# Low Bay LED lighting



## daveEM (Nov 18, 2012)

For an existing parkade. I want to change out +20 F40 2 lamp strips (T12s). Ceiling might be 10 feet at its highest.

What are they using in new parkades now days?

*Edit:* I was kinda looking for something square, to mount on the existing box without having to drill the concrete ceiling.


----------



## macmikeman (Jan 23, 2007)

daveEM said:


> For an existing parkade. I want to change out +20 F40 2 lamp strips (T12s). Ceiling might be 10 feet at its highest.
> 
> What are they using in new parkades now days?
> 
> *Edit:* I was kinda looking for something square, to mount on the existing box without having to drill the concrete ceiling.


Rab makes good led outdoor fixtures.

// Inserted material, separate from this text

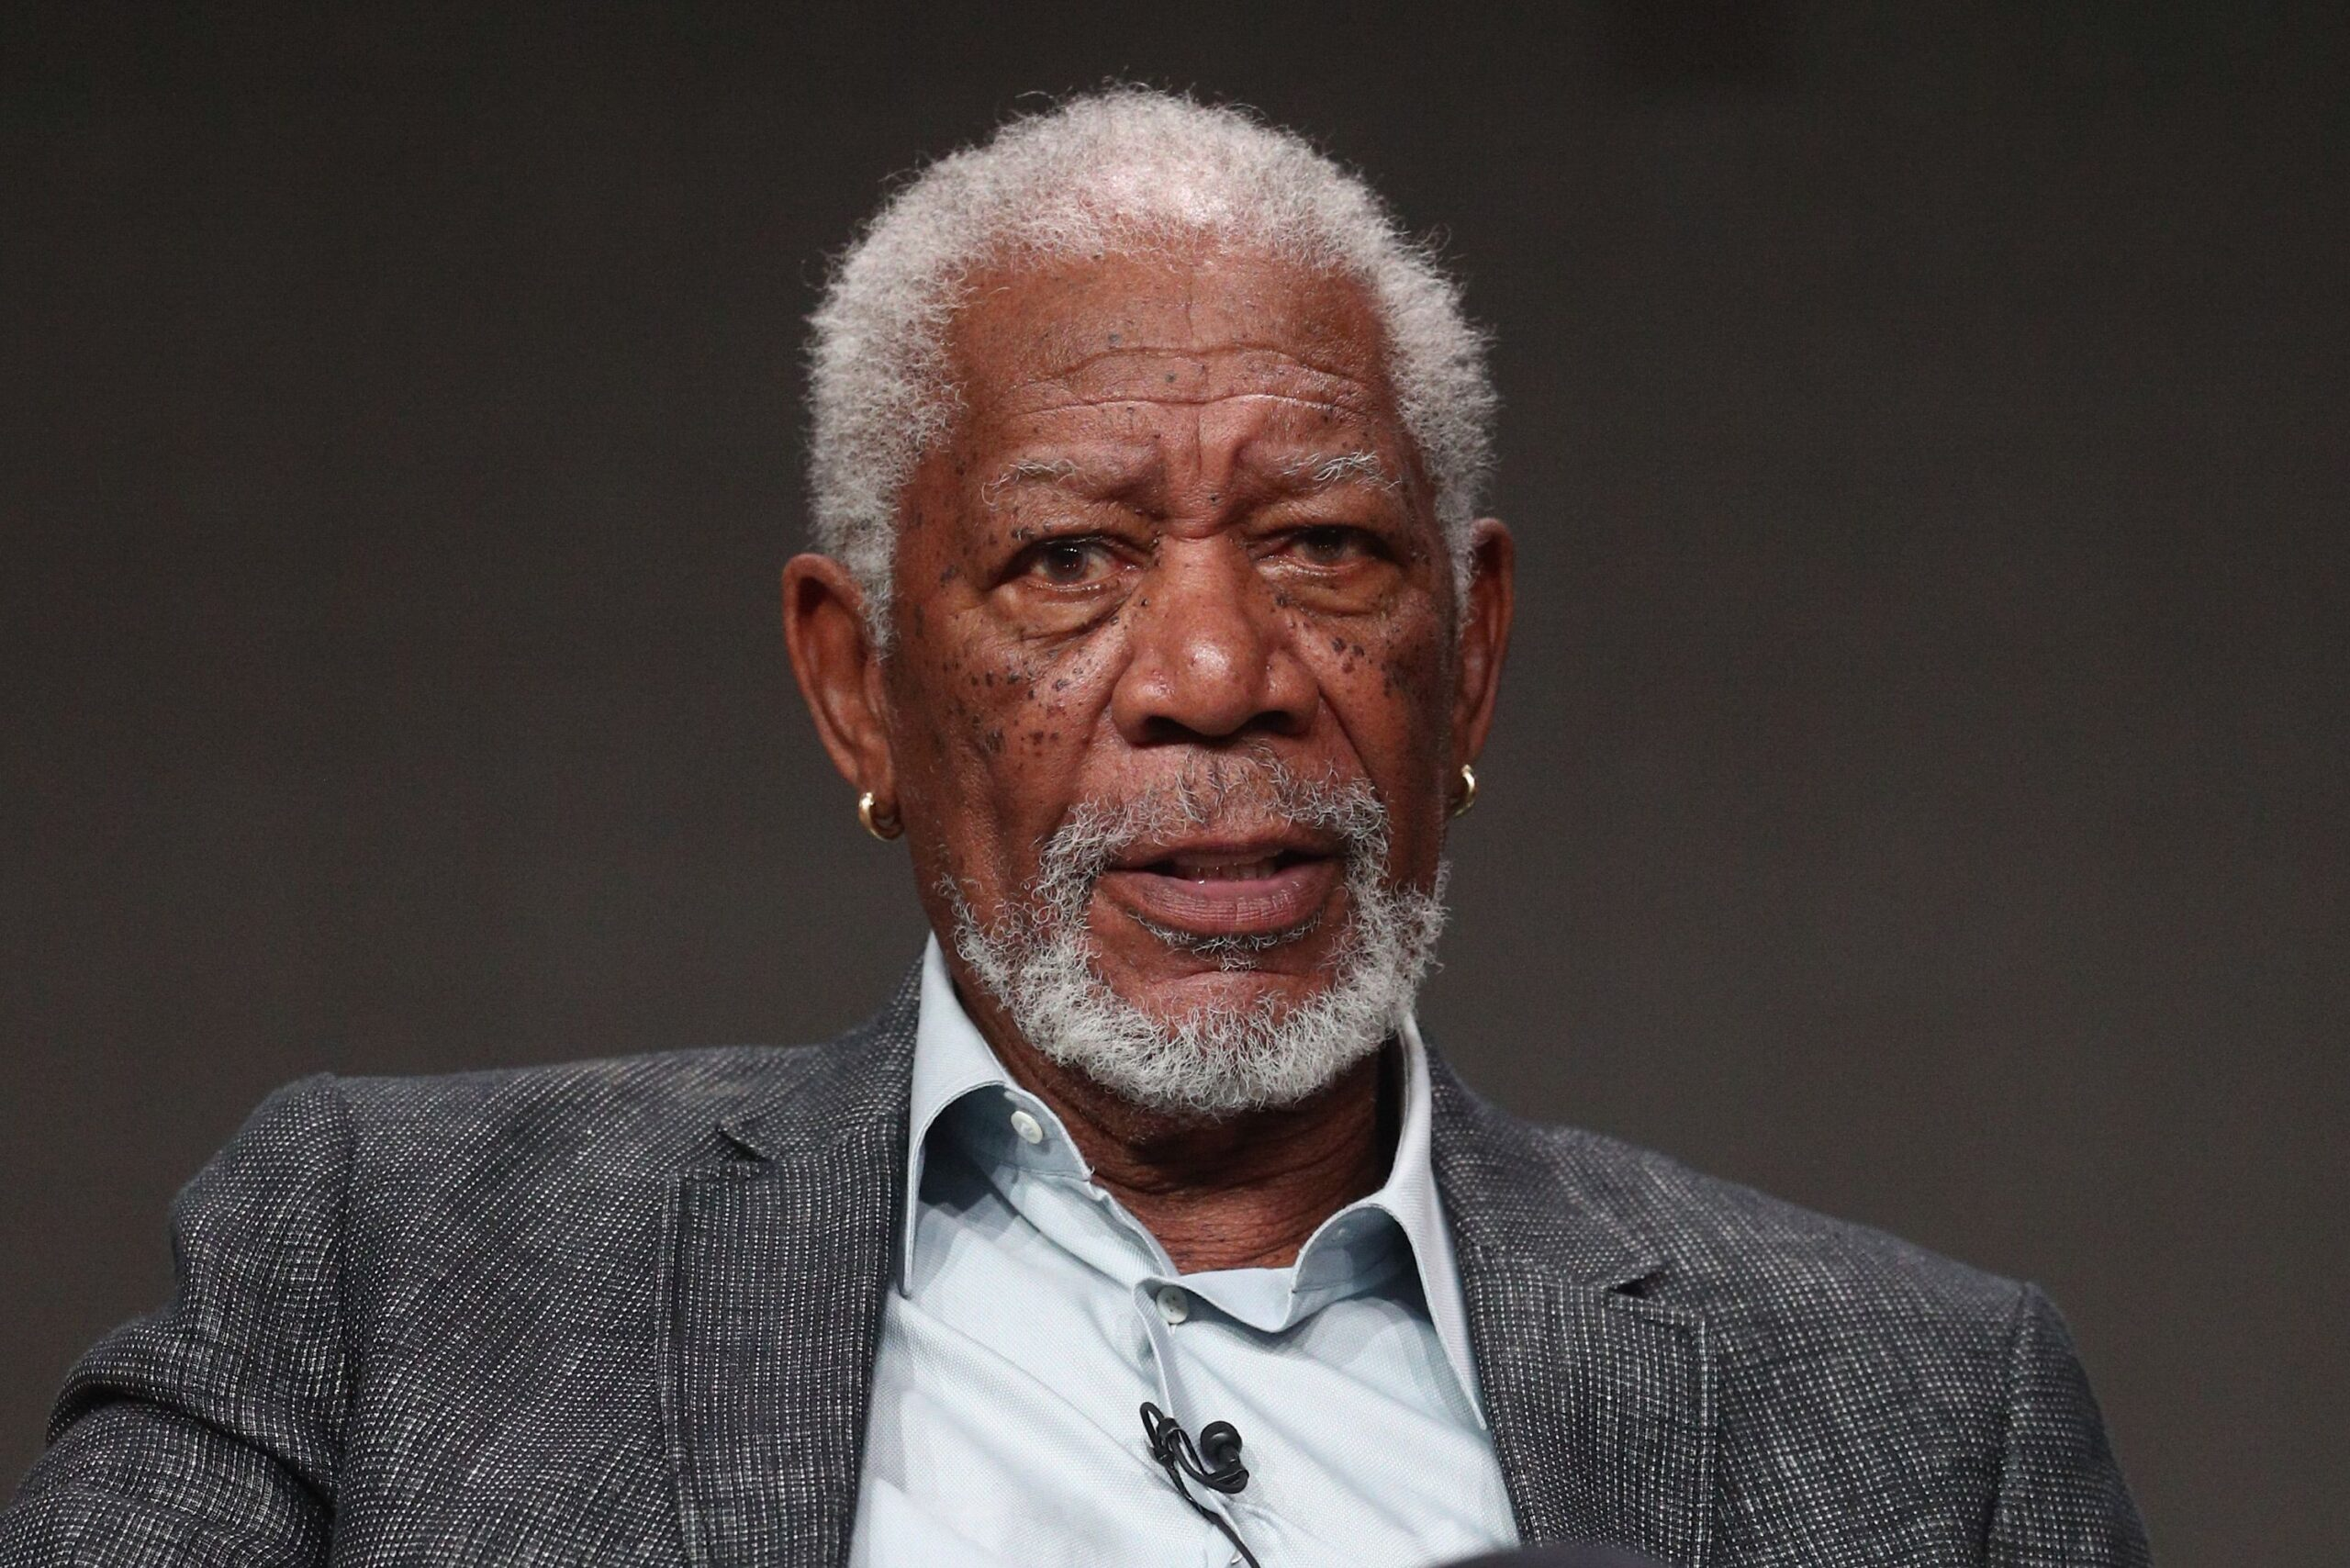 Morgan Freeman Biography, Facts & Life Story Updated 2021

Parkade? You would still have to drill mounting holes, and use blank covers with a ko to land the included whip though.


----------



## backstay (Feb 3, 2011)

I like these. 

LED Canopy Light - Neutral White, White - 3662 lumens
$119.99


----------



## daveEM (Nov 18, 2012)

backstay said:


> I like these.
> 
> LED Canopy Light - Neutral White, White - 3662 lumens
> $119.99


Look good. Price is good. You have a manufacturer name?

Thanks


----------



## Switched (Dec 23, 2012)

daveEM said:


> Look good. Price is good. You have a manufacturer name?
> 
> Thanks


I think these are them: http://www.e-conolight.com/outdoor-lighting/canopy.html


----------



## daveEM (Nov 18, 2012)

Switched said:


> I think these are them: http://www.e-conolight.com/outdoor-lighting/canopy.html


Thanks. Does look like them. I'll research later today.


----------



## Fred_W (Jul 3, 2015)

Guys, look at my avatar.......


----------



## Who Dat (Feb 27, 2010)

These are installed in an area university. Many of the earlier LED fixtures gave off too much glare. These looked good although I would have added photocells to the outside row. 

http://m.maxlite.com/datasheet/40w-to-70w-parking-canopy


----------